## Source data:

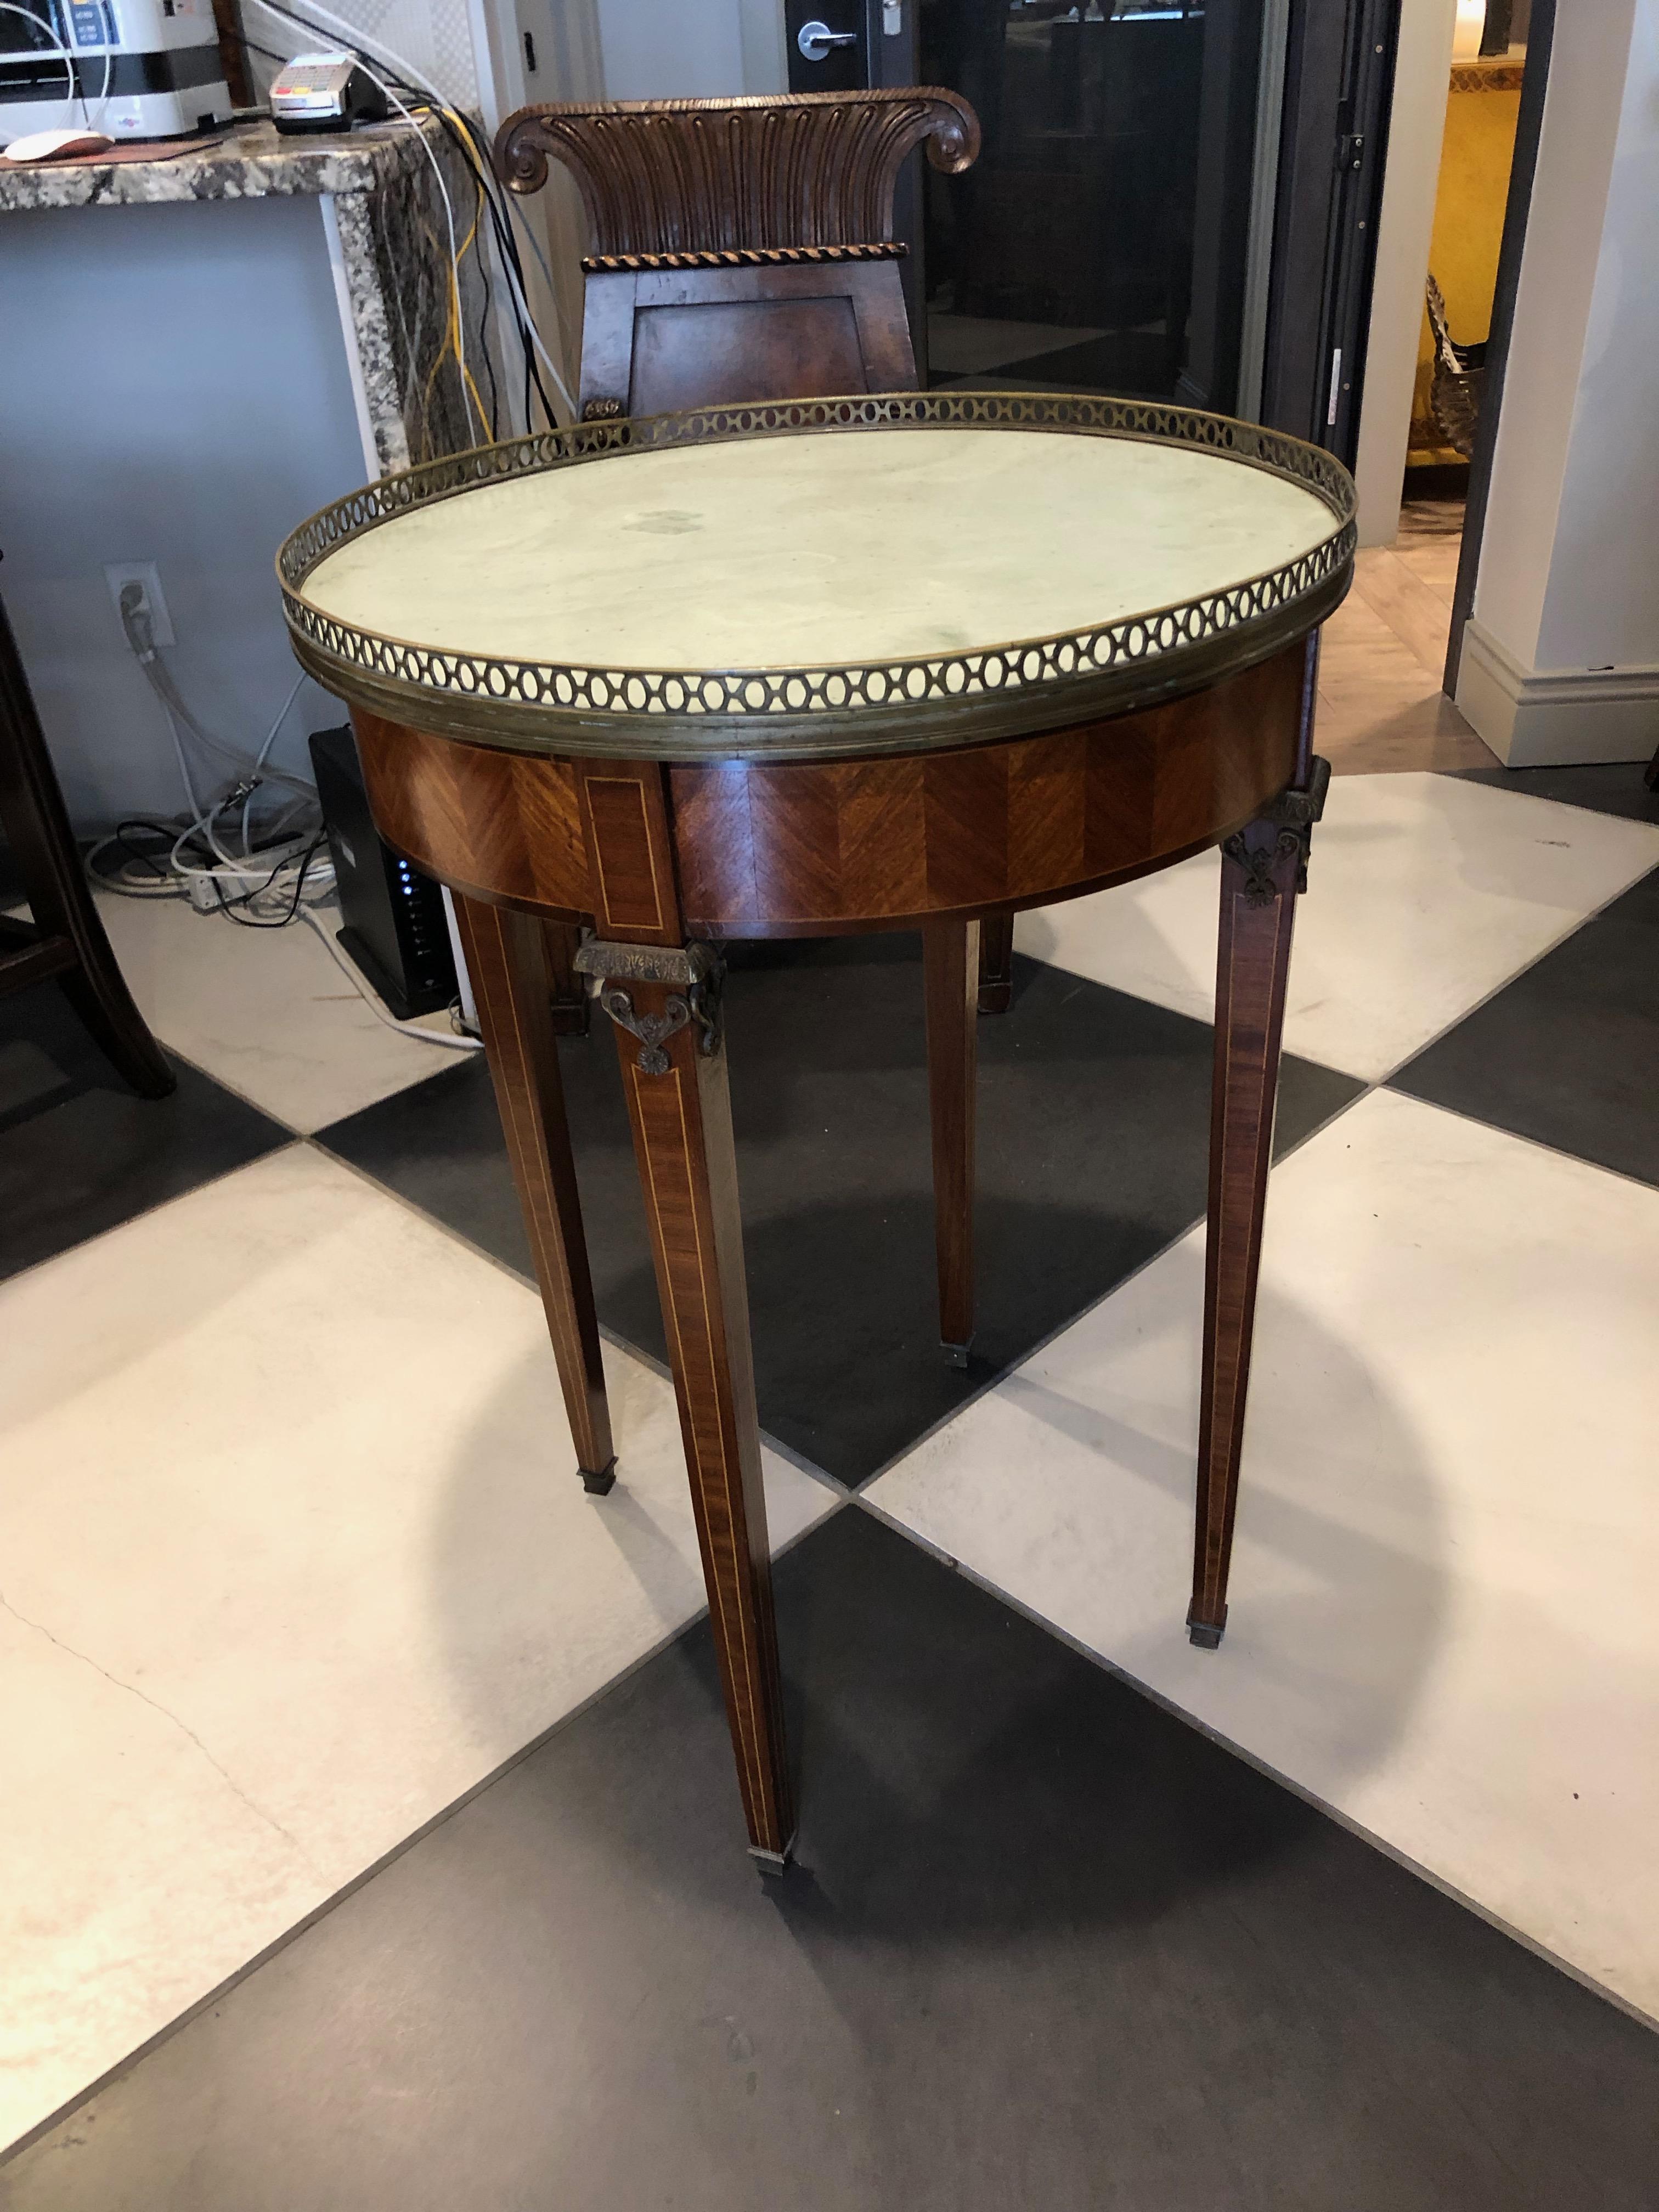 This French Bouillotte table can be used as a side table. It has light mahogany marquetry surrounding the top portion, string design to the legs and a light turquoise marble top. The bronze or brass trim is around the top, bow designs at top of legs
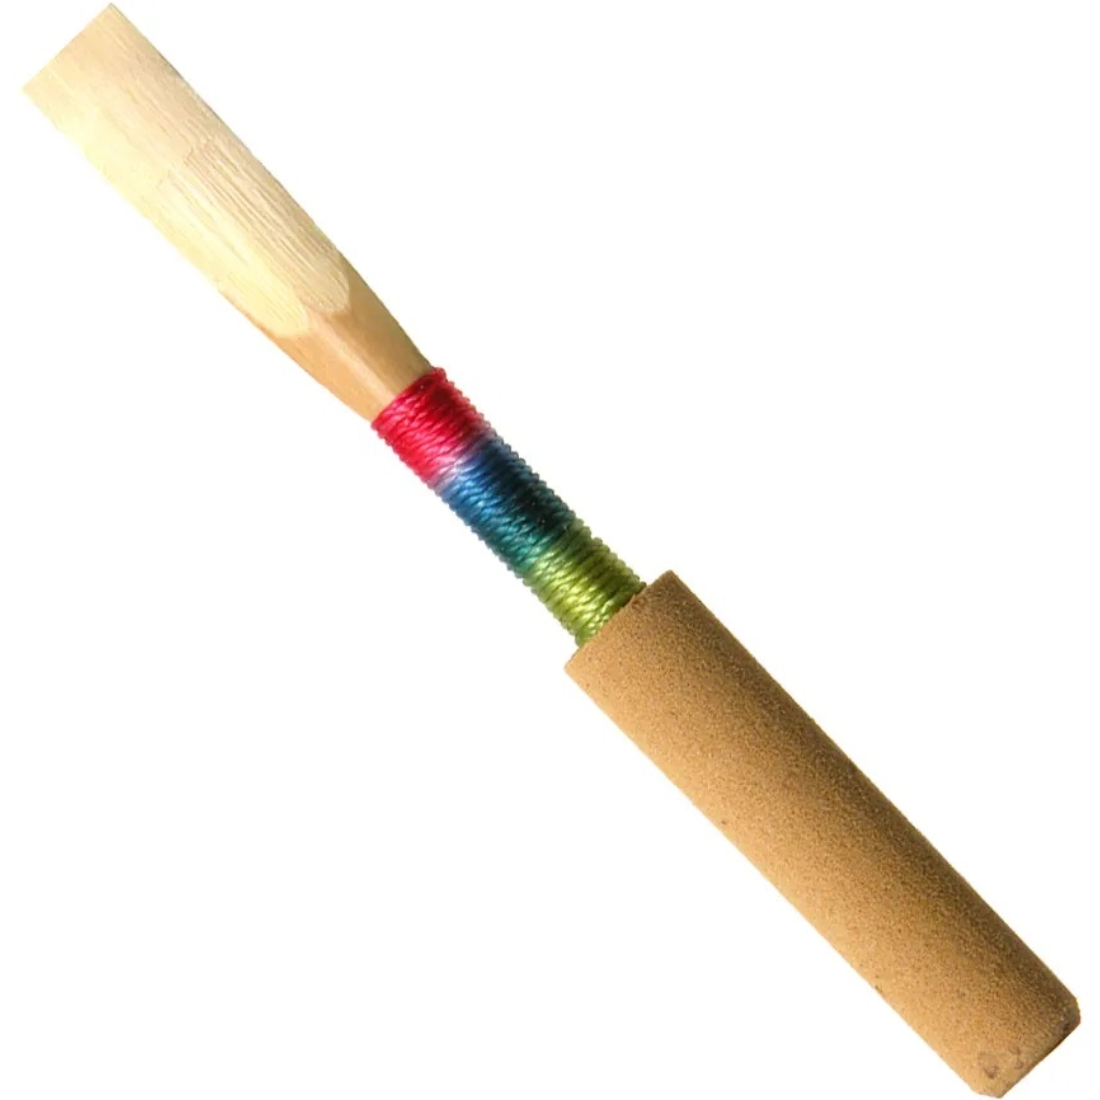 Charles oboe cane weed wound with red, blue, and green string - strength of medium soft
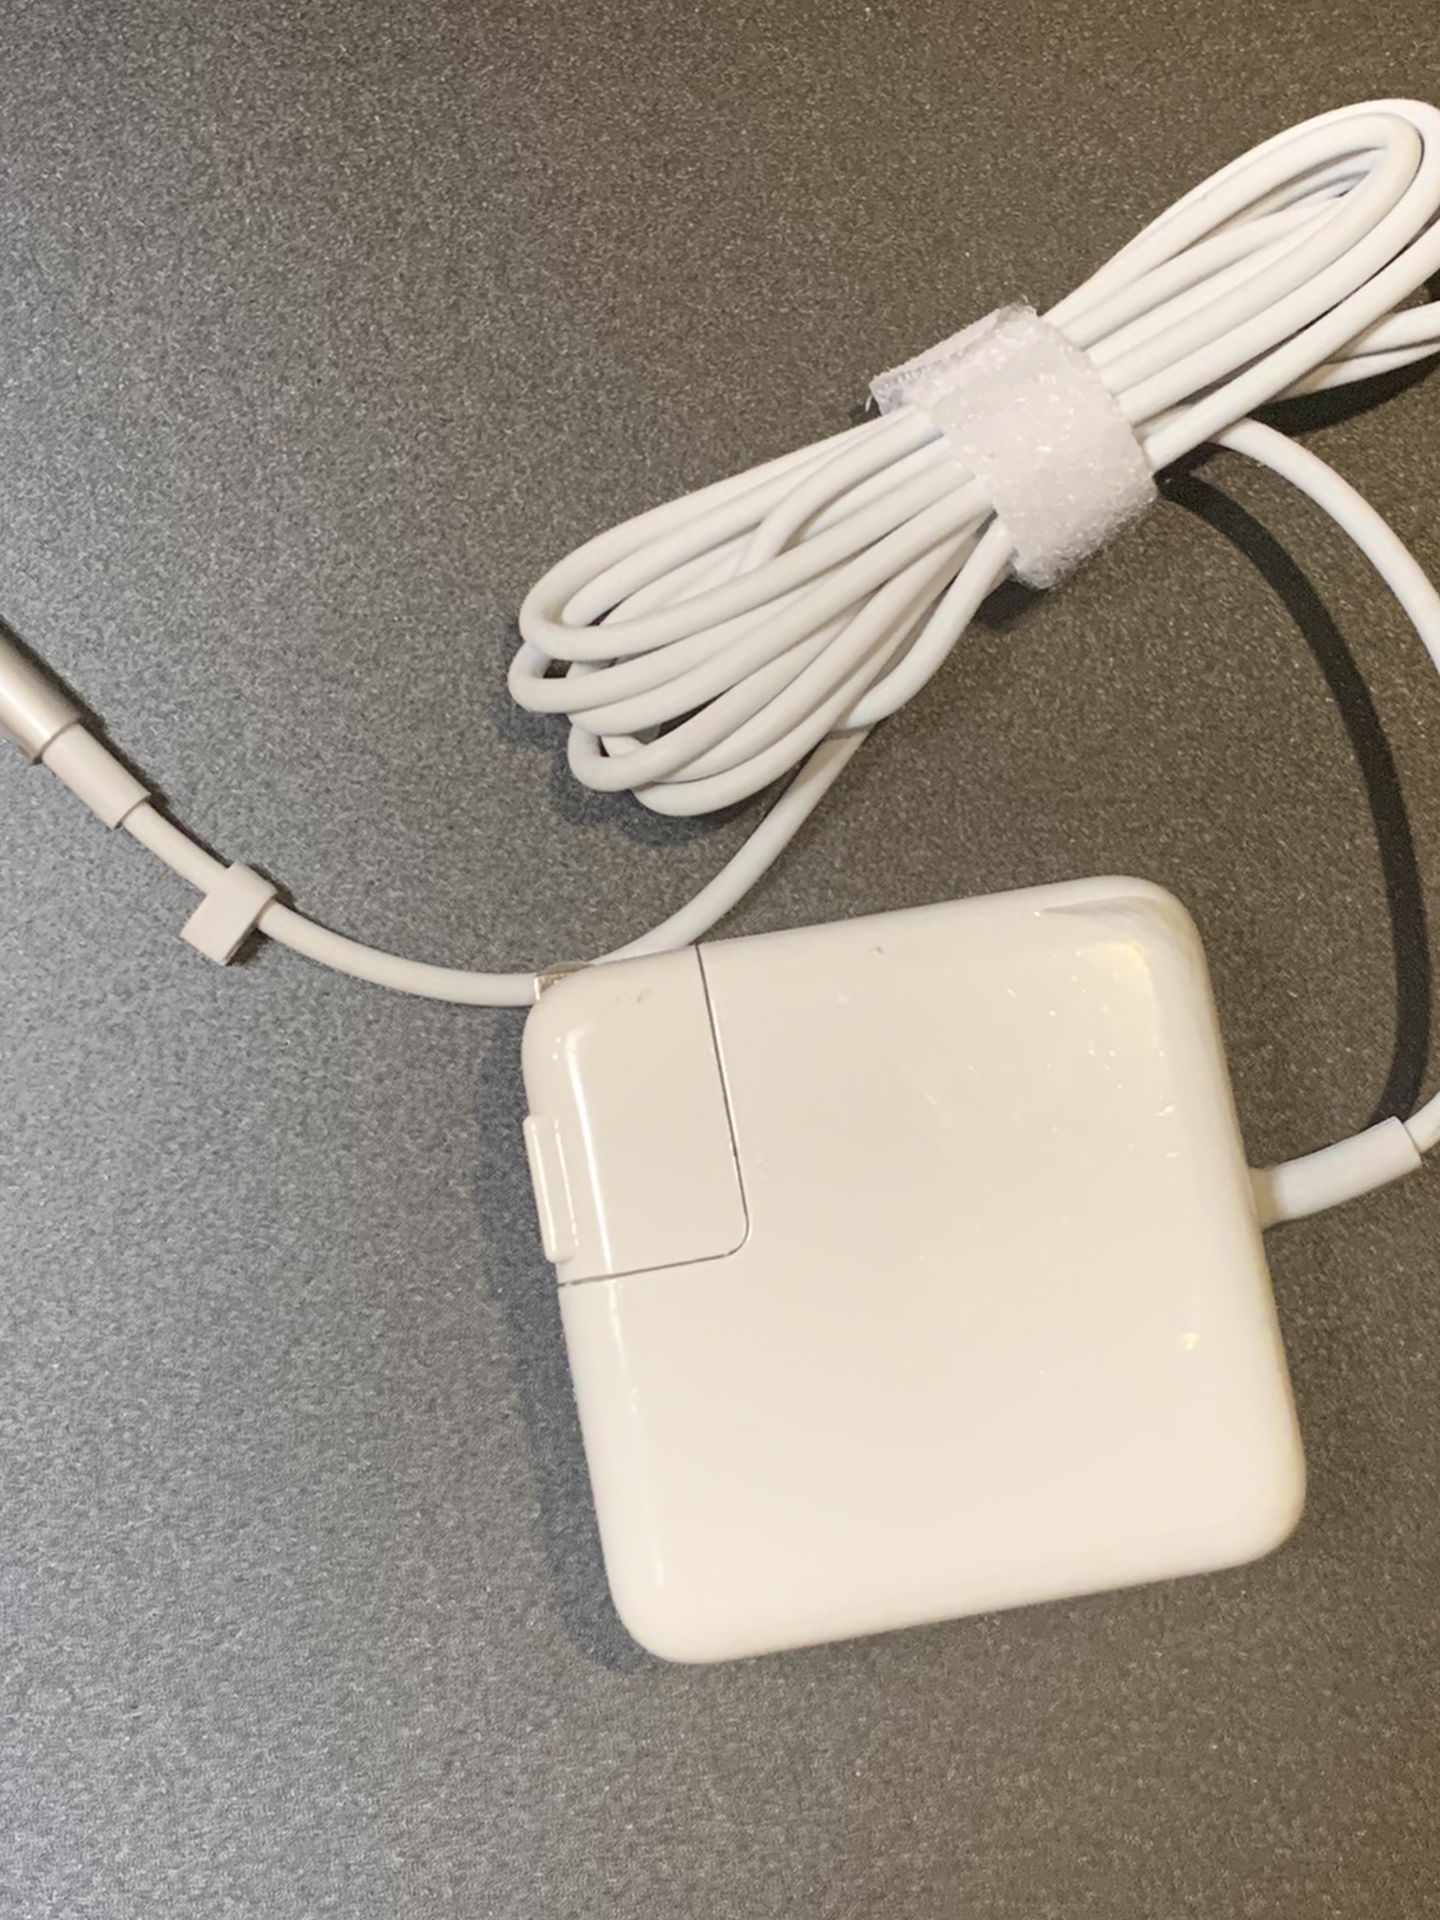 Macbook Pro Charger Old Model

## Your objective:
Exact copy, no images: rewrite the entire listing above.

## Solution for this problem:
 This French Bouillotte table can be used as a side table. It has light mahogany marquetry surrounding the top portion, string design to the legs and a light turquoise marble top. The bronze or brass trim is around the top, bow designs at top of legs
 Charles oboe cane weed wound with red, blue, and green string - strength of medium soft
 Macbook Pro Charger Old Model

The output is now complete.